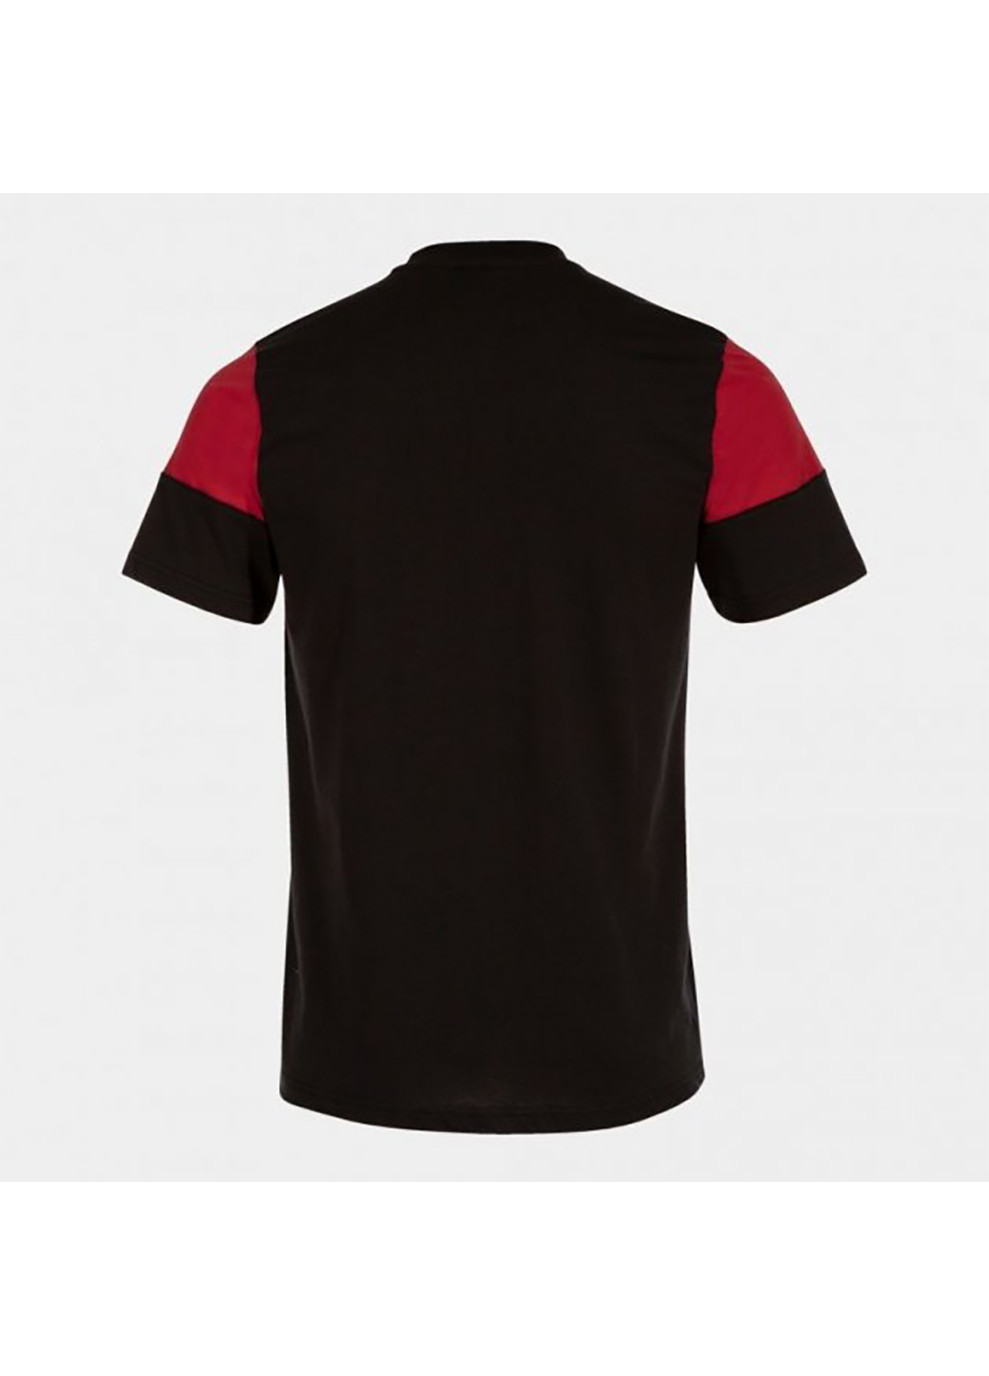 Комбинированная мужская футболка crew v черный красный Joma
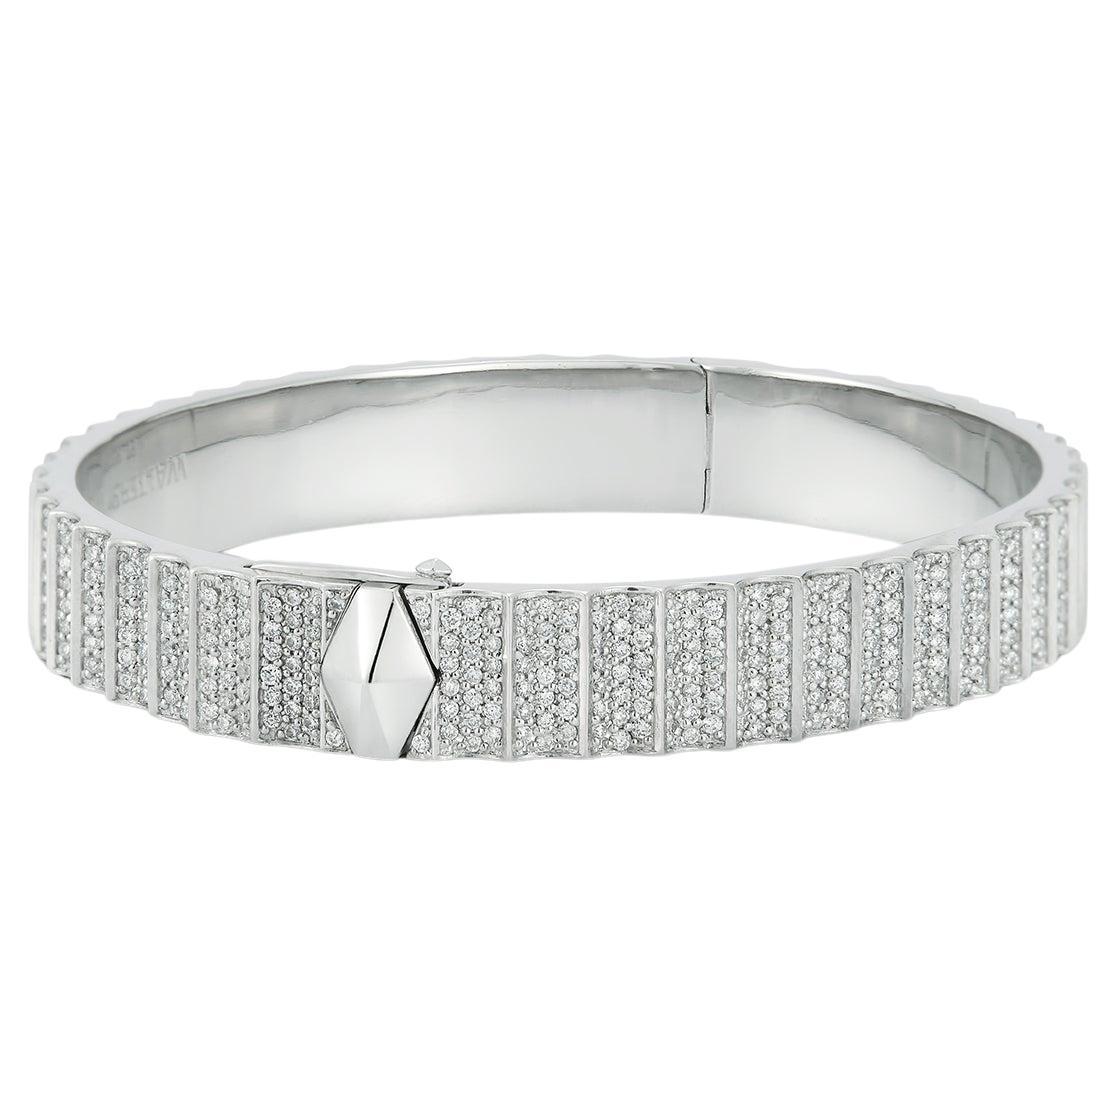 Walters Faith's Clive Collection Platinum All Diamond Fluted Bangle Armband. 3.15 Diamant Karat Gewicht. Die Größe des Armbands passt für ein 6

...

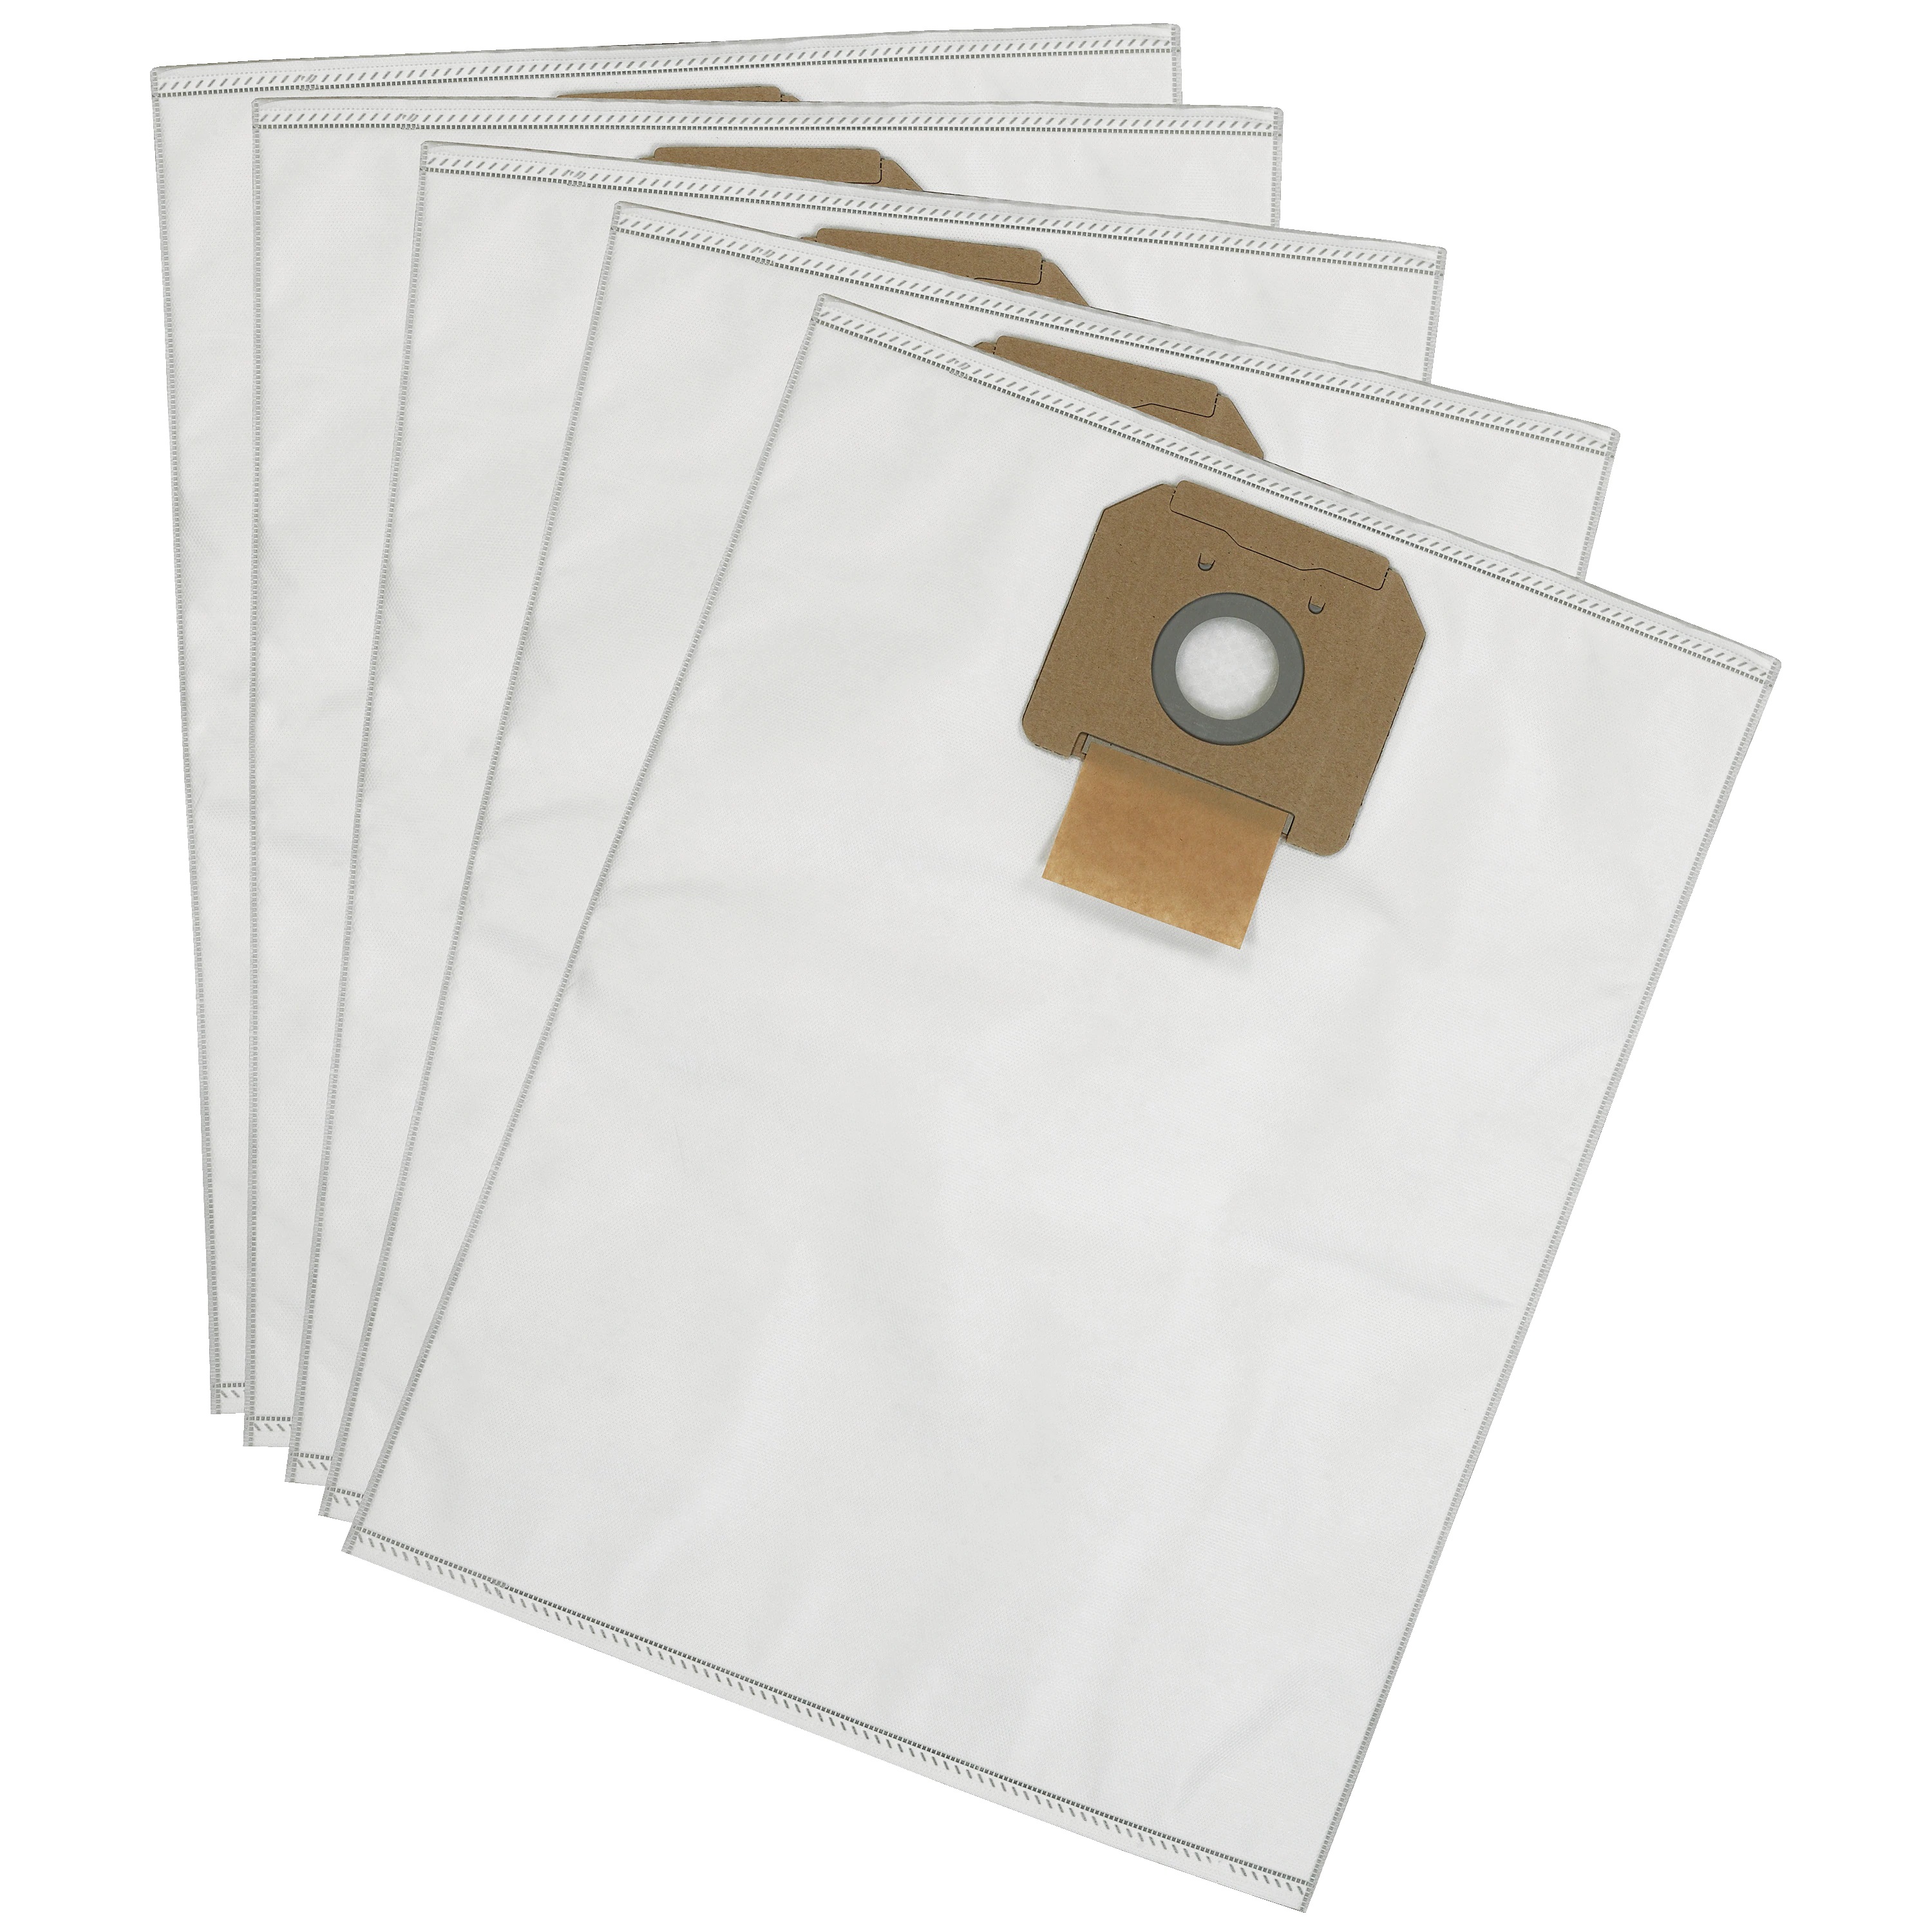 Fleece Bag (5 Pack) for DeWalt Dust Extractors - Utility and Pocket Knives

_WHAT YOU HAVE TO DO:_
For this exercise, reproduce exactly the lines of the records above from the one with "Комбинированная мужская футболка" up to and including the one with "Walters Faith's Clive", without pictures.

_RESPONSE AREA:_
 Комбинированная мужская футболка crew v черный красный Joma
 Walters Faith's Clive Collection Platinum All Diamond Fluted Bangle Armband. 3.15 Diamant Karat Gewicht. Die Größe des Armbands passt für ein 6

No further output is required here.